Artık genel başkanlarının talimatlarıyla ve Allah’ın izniyle yollara düşüp halkımızın dertlerine derman bulmanın peşindeler.
Bizdeki düzen politikacılarının uydurup, kayıkçı kavgasının sert görünümlere büründüğü dönemler dışında, sıkça kullandıkları bir tür özdeyiş vardır: Politika memlekete hizmet etme yarışıdır, derler. Bunun söyleyenler açısından yanıltmaca, dinleyip inananlar açısından yanılsama olduğunu bir kenara yazıp devam edersek, şöyle bir saptamaya ulaşabiliriz: Hemen her alandaki yarışmalarda hep aynı tarafın kazanması belirgin bir eğilime dönüştüğünde, öteki yarışmacılar da onun yaptıklarını örnek alma, onun gibi olma, ona benzeme eğilimi gösterirler.

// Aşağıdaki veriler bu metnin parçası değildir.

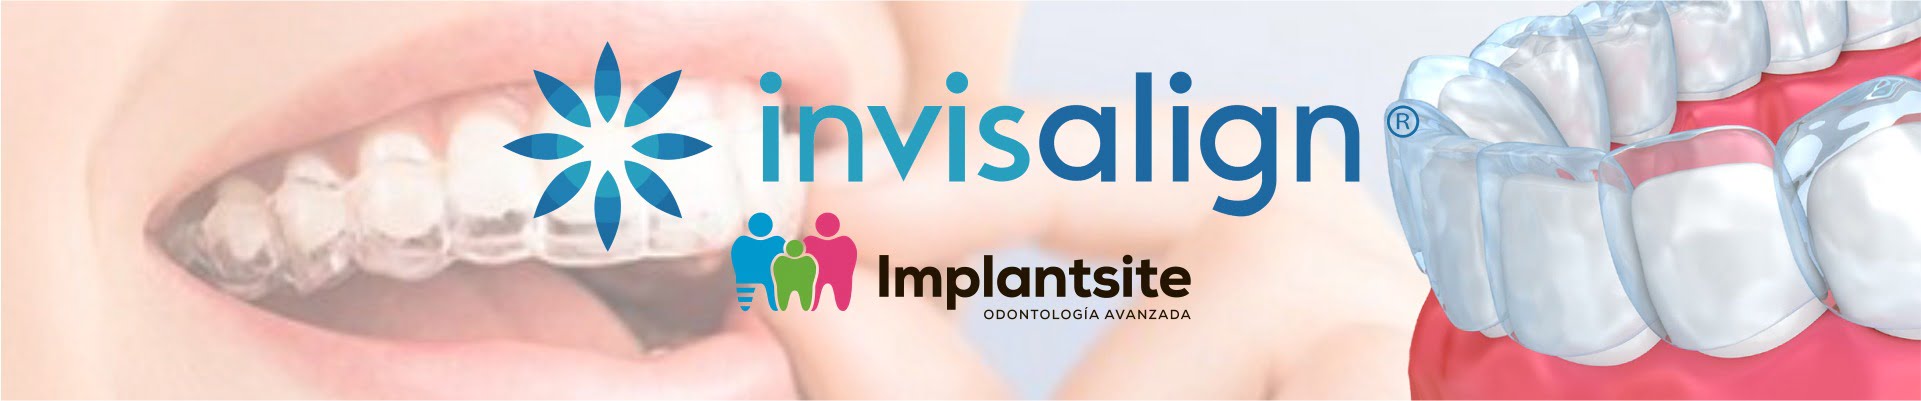 ortodoncia invisible, en clínica dental Implantsite somos expertos en invisalign

Kısacası, önlerine kutsal sandığın konmasını dört gözle bekledikleri rivayet edilen ülkemiz seçmenlerine iki sözümona seçenek sunulması, hem yüksek hem tehlikeli bir olasılık durumunda: Bir yanda, her Cuma namazını eda ettikten sonra önemli açıklamalar yapmayı adet haline getirmiş cumhurbaşkanı ile her türlü iş için onun emir ve talimatlarını bekleyen adamları, öbür yanda yanlış yapanları “Allah aşkına” doğruya çağırarak “kul hakkı” peşinde koşan genel başkan ile adım atmak için onun talimatlarını bekleyen adamları… Halkımıza reva mıdır?

Buraya kadar yazılanları “kıssa” olarak kabul edersek, bir de “hisse” çıkarabiliriz. Çıkarmayı deneyelim ve hisse niyetine bu kez uzak geçmişten bir “kıssa” anlatalım.

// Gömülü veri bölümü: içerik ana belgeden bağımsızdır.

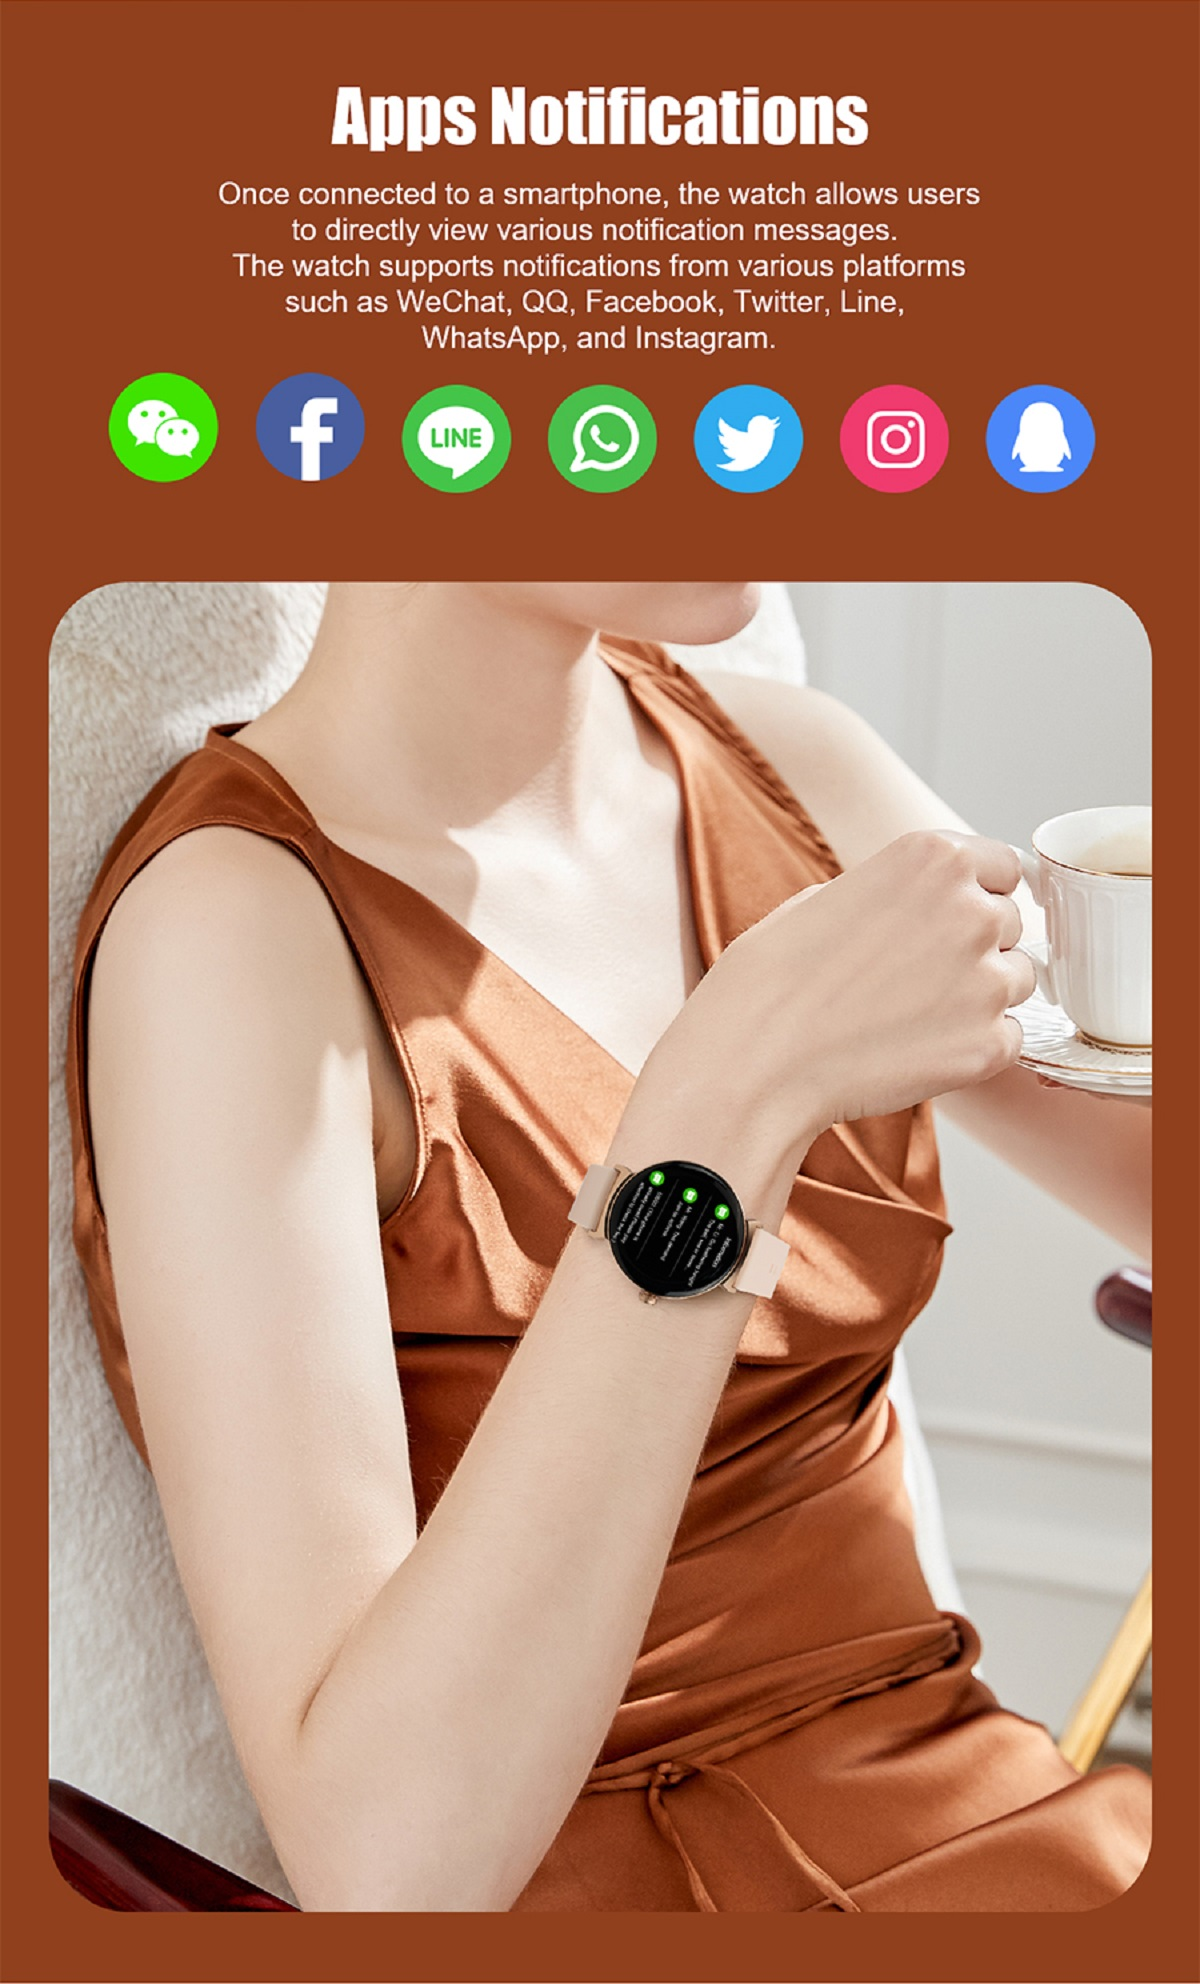 Pink Silikon, 240mm, Rund DT4New Aktivitätstracker Gold Smartwatch MIRUX BT-Anruf

Halk arasında, daha doğrusu, halkın tarihe meraklı kesimi arasında yaygınlaşmış bir rivayettir. Aslı var mıdır, bilmem. Ben ilk kez babamdan dinlemiştim, ilkokul çağlarında falandım herhalde. Onun biçemiyle aktarıyorum.

Efendim, yıllardan 1402. Osmanlı’nın padişahı Yıldırım Beyazıt ile doğudan gelip sokulan Timurlenk’in orduları, bizim şimdiki Ankara’nın yakınında, Çubuk civarında karşılaşmışlar. Bir taraftaki Yıldırım’ın bir gözü görmezmiş. Öbür tarafta ise, ismiyle müsemma, Timurlenk var. Halk ağzına böyle geçmiş, lakin esası “leng” kelimesidir; Farısi’de “aksak, topal” manasındadır. Neyse, uzatmayalım, ordular karşı karşıya gelince, mübalağa cenk olunmuş. Sonunda Yıldırım esir düşüp Timur’un çadırına getirilmiş. Muzaffer kumandan esirine bakmış bakmış ve avuçlarını açarak ellerini göğe doğru kaldırıp söylenmiş: “Ya Rabbim,” demiş, “Dünya bir körle bir topala mı kaldı?”

Bunlardan tek bir hisse mi çıkar? Bence daha fazlası. Onlardan birini daha yazalım ki, anlaması gerekenler anlasın.
Tarihi yazıp sevdiren ustalar kenara çekilir de meydan heveskârlara kalırsa, olacağı budur.